One thing I’d add, and this is for the ego and spirit, and it’s one of my favorite quotes, “I’ve learned that people will forget what you said, people will forget what you did, but people will never forget how you made them feel.” ― Maya Angelou

Corey McCarren

Awesome quote, Joseph. Making employees feel supported and not managed is an important part of being a, well, manager. I have no problem working under people, and doing what I’m asked, but I’ve had previous employers who you’d think their job was to make me feel insignificant. Having faith in people to learn to do it correctly with friendly guidance and constructive criticism is a great way to make them feel supported. The best thing to do as a manager is to make everyone you’re working with feel like they’re part of your team, whether it’s for an hour or a year.

Andrew Krzmarzick

The antidote for the Superman Complex is still kryptonite (aka failure)! And there are people looking to put it in your path to knock or slow you down. Of course, it also just naturally happens, as you said, when we try to do too much.

But I’d say that most super peeps are best served by choosing to let go of their super powers before they have to confront kryptonite. It’ll make them more relatable and enable those around them to be much stronger in the end.

Steve Cottle

I really enjoyed this post and would agree with Esther that this is translatable across a whole slew of roles. When you develop a proficiency or expertise using a tool, it become very easy to that tool as the solution to every problem (“if all you have is a hammer, everything looks like a nail”) and have most confidence in your ability to determine right way to wield the tool. I think your list is a great way to help think through the situation and determine when/where/how to involve yourself.

Dory Dahlberg

What a relevant and timely post! I have recently been feeling the same Social Media Superman complex growing, but didn’t have a name for it. Now that I can identify it, I feel better equipped to address it head-on. Great help!

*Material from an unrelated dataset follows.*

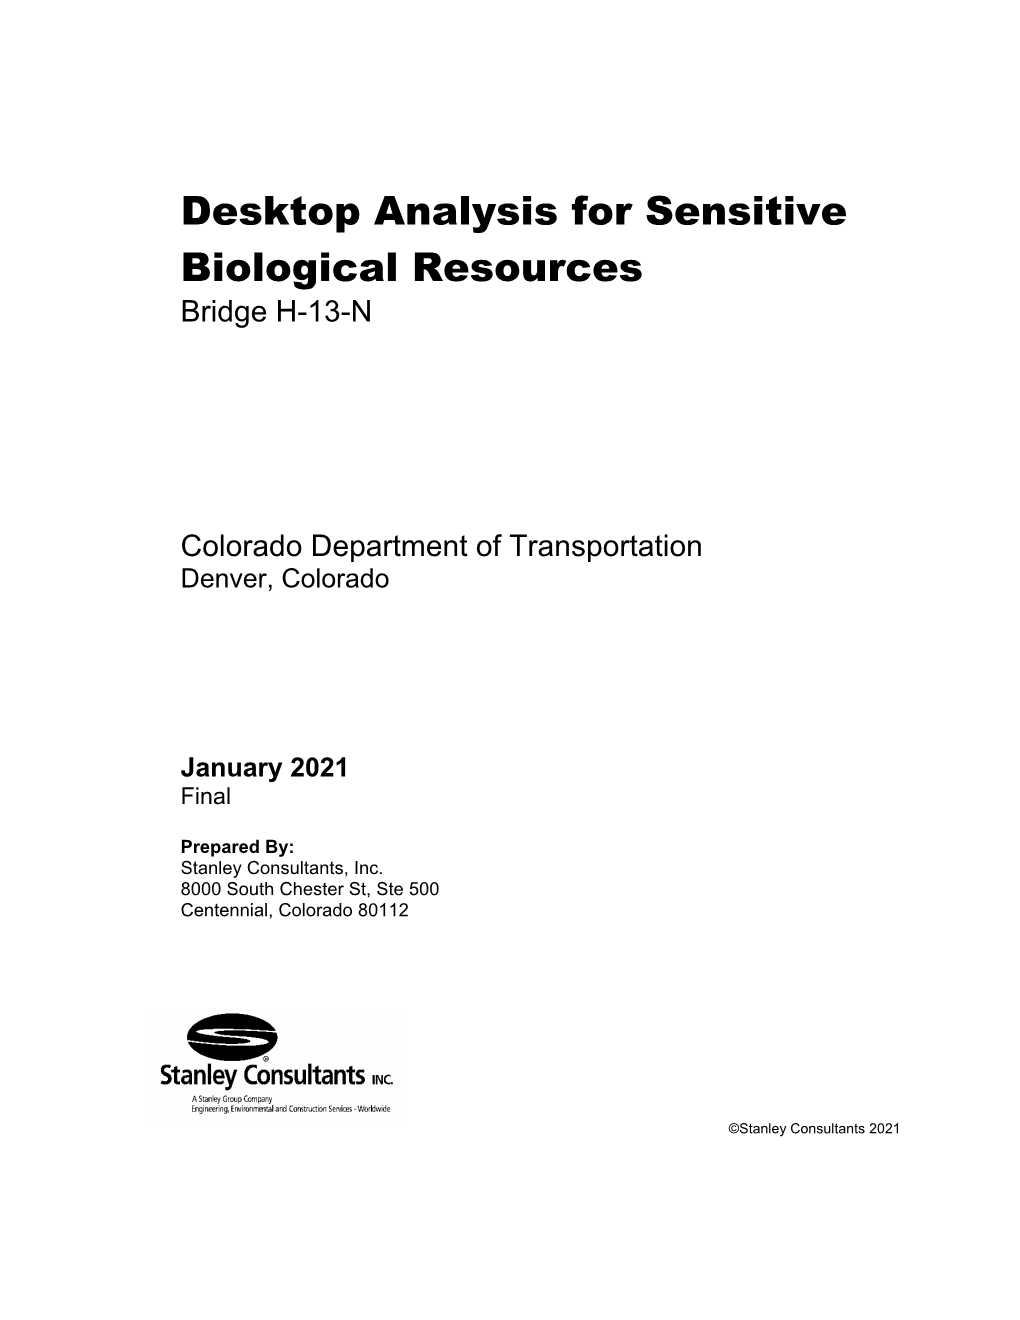 Desktop Analysis for Sensitive Biological Resources Bridge H-13-N

Joseph, thanks for reminding us of that quote. Its one I referred to in my old days on the Help Desk. Back then I heard quite often, “thanks for not making me feel stupid.” People don’t remember that I fixed their issue or answered their question, but they do remember that I treated them with kindness and understanding.

Naveen Krishnamurthy

Great read, thanks for sharing! We have come across this with clients in our organization and the most difficult hurdle in going from education to transition has been finding the appropriate individual(s) to pick up the baton. To this effect we have noted that the personalities of our target transition candidates have sometimes been the best indicator of who is the appropriate person(s) to take on social media related responsibilities. Especially those around engagement and community management.

Steve Radick

Thanks for the kind words everyone – I didn’t realize this was strike such a chord with everyone! I’m glad to hear that I’m not the only one who has experienced this! @Laura – that’s how I started to – well, if I don’t help out here, they’re just going to mess it up so I’ll give them a few hours here and there to help out. Well, that turns into 10 or 15 hours and then they tell other project teams and then those turn into 10 or 15 hours and so on and so on. At some point, you just have to focus on what you can control or you’ll always be chasing perfection and you will never catch it.

Andrew Mullen Scott

Thanks for the great article, Steve! I’m a fanboy of Superman and the new social media guy at a $1B company. This is a good reminder to keep from becoming my own “Kryptonite.”